Hacker News new | ask | show | jobs
by logicchains 680 days ago
The GIL causes a huge performance hit in data processing/ML by forcing the use of multi-process, which leads to a bunch of unnecessary copying of memory between processes unless you put in a bunch of effort to explicitly share memory. So in some cases the savings will be gigantic, from no longer unnecessarily copying huge dataframes between processes.
3 comments

But usually, in spaces where you need speed Python is just an orchestrator or glue between pipelines, and actually, calculations are done by db or some c/c++/fortran library.
Yes pandas/numpy calls C++ to do calculations efficiently, but the "glue" can still introduce significant slowdown relative to that when it's copying tens of gigabytes of dataframe unnecessarily between processes. Of course that slow part itself could also be moved to C++, but that's much more effort then just parallel mapping over the dataset in Python with no copying/multiprocessing, as will be possible with no-gil.
Bad code/quick hacks will always be slow (but can be great for prototypes), and sometimes it's worth planning how you're going to process something rather than piling on multiprocessing. Once you reach the point of multigigabyte IPC, it's worth spending the time doing it right.
Building libraries on a GIL-less Python would enable people to access that power without them all building it from scratch themselves.
GIL-less Python isn't magic pixie dust, the same group of users who have slow, poorly structured code are at best run into deadlocks. GIL-less Python can be used by well-designed libraries to achieve speedups, but that's not code written by the aforementioned pandas users, and speaking from experience, there's a lot more room for order of magnitude speedups from fixing quick hacks than running things in parallel, and usually it's a lot easier than managing multithreaded code.
> GIL-less Python can be used by well-designed libraries to achieve speedups, but that's not code written by the aforementioned pandas users

Yes, that's why having something like Pandas use it would be better than getting all users to write their own version.

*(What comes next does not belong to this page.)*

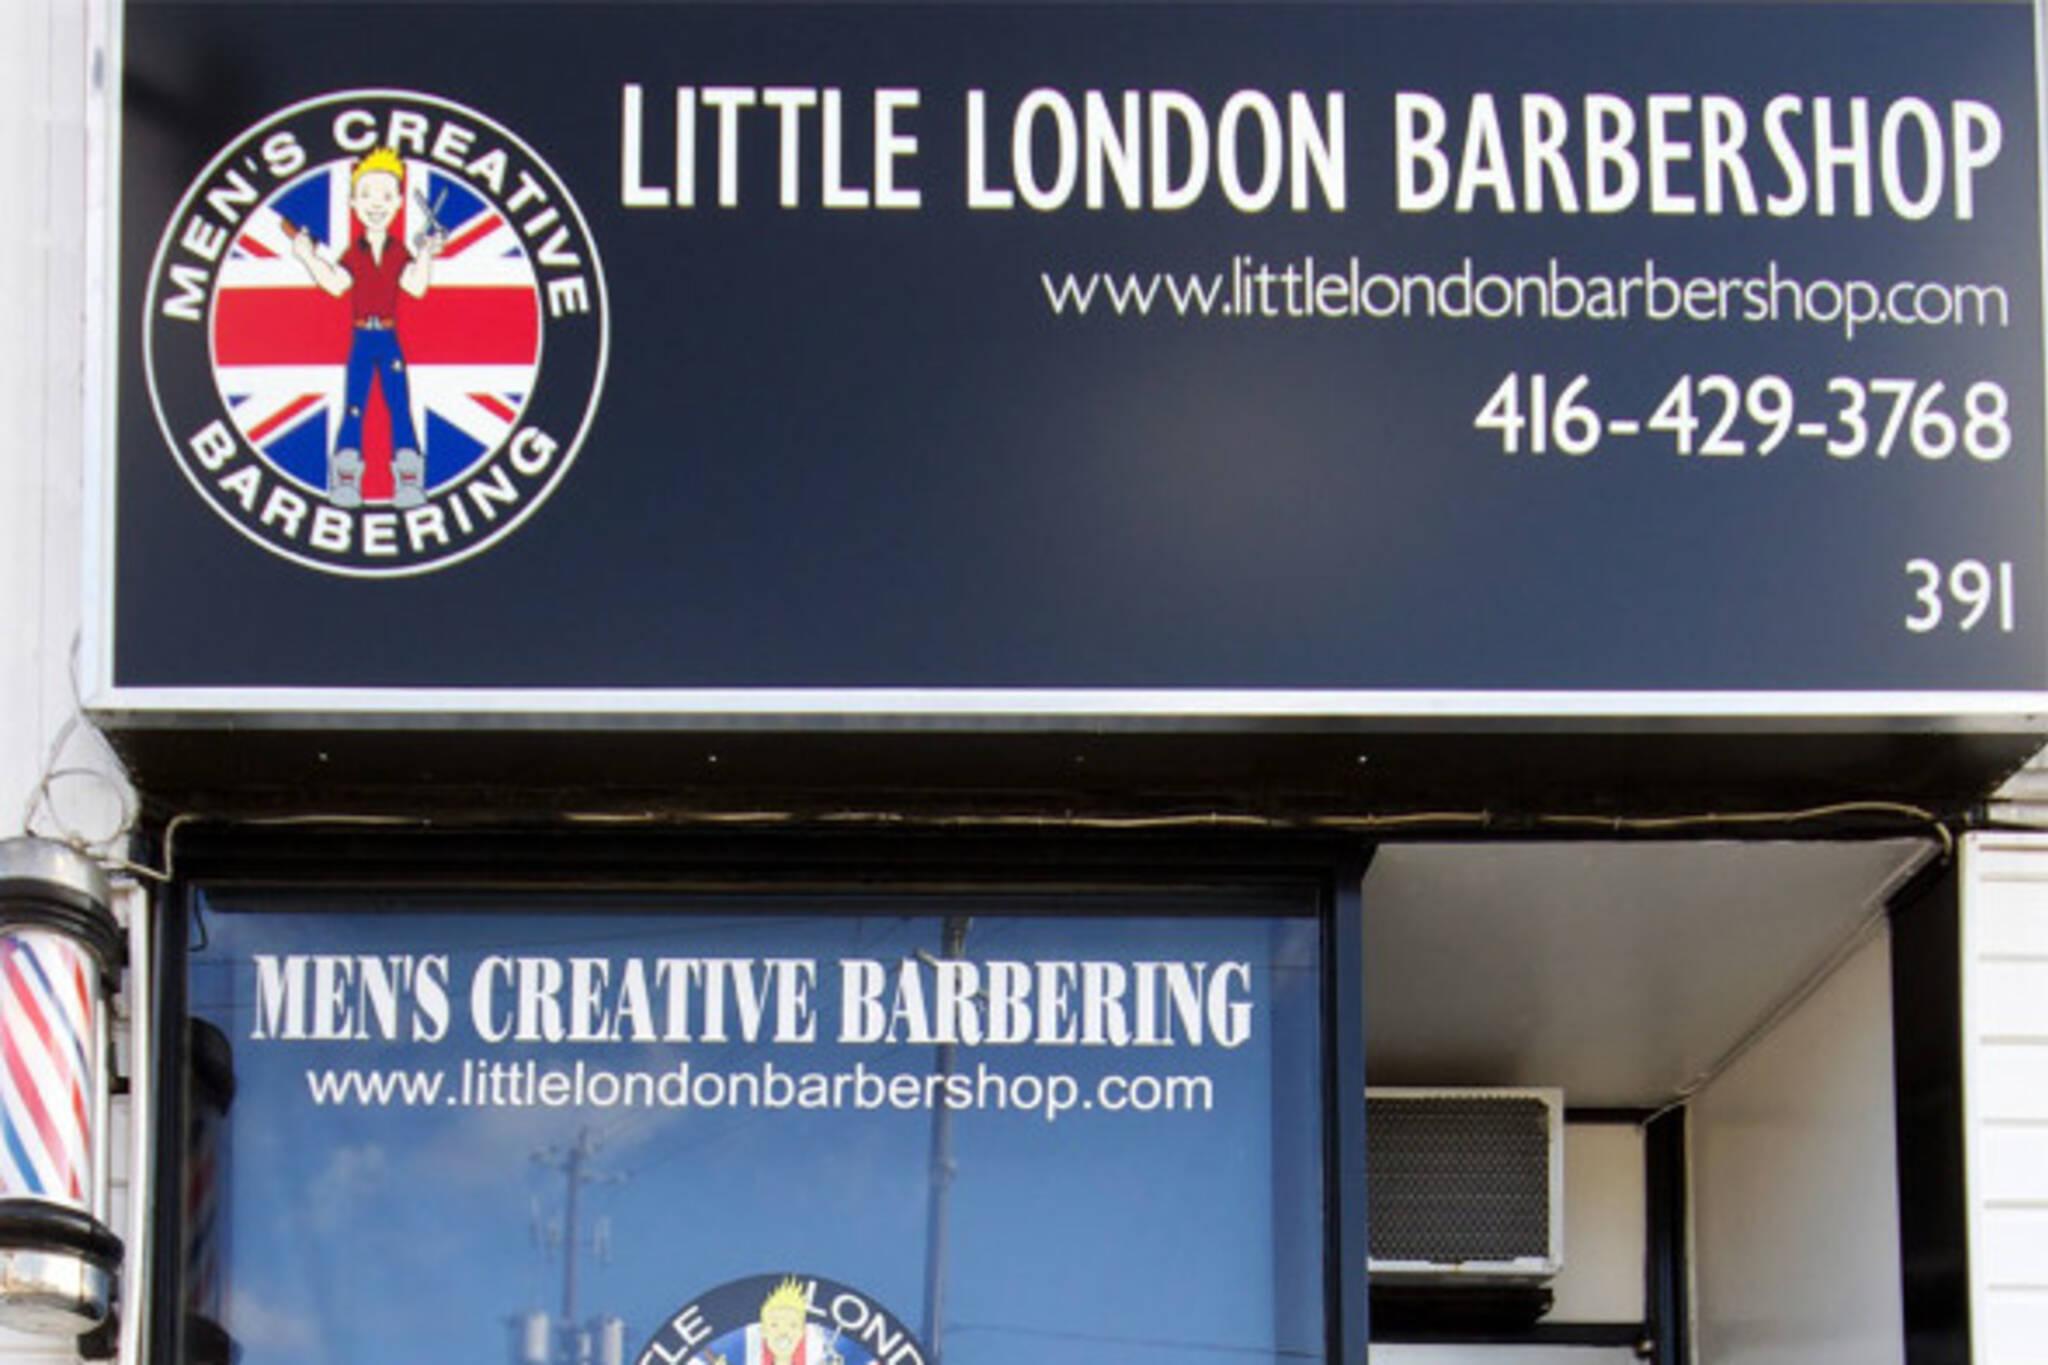 little london barber shop

If the libraries are thread safe can they not release the GIL to avoid copying.

I am pretty sure you are going to say there is a reason this cannot be done, would just like to know what it is!

What libraries? If you're writing some pandas code and want to parallelise some part of your data pipeline, as far as I'm aware Pandas doesn't have much support for that, you need to manually use multiprocessing to process different parts of the dataframe on different threads. Yes there are pandas alternatives that claim to be a drop-in replacement with better parallelism support, but the more pandas features you use, the more likely you are to depend on something they don't support, meaning you need to rewrite some code to switch to them.
But that's such a small fraction of total Python use, that it cannot serve as a validation to make it the default.
It is a fraction of usage that is commercially important to people who fund a lot of Python development.
Aka a power grab for short-term gain.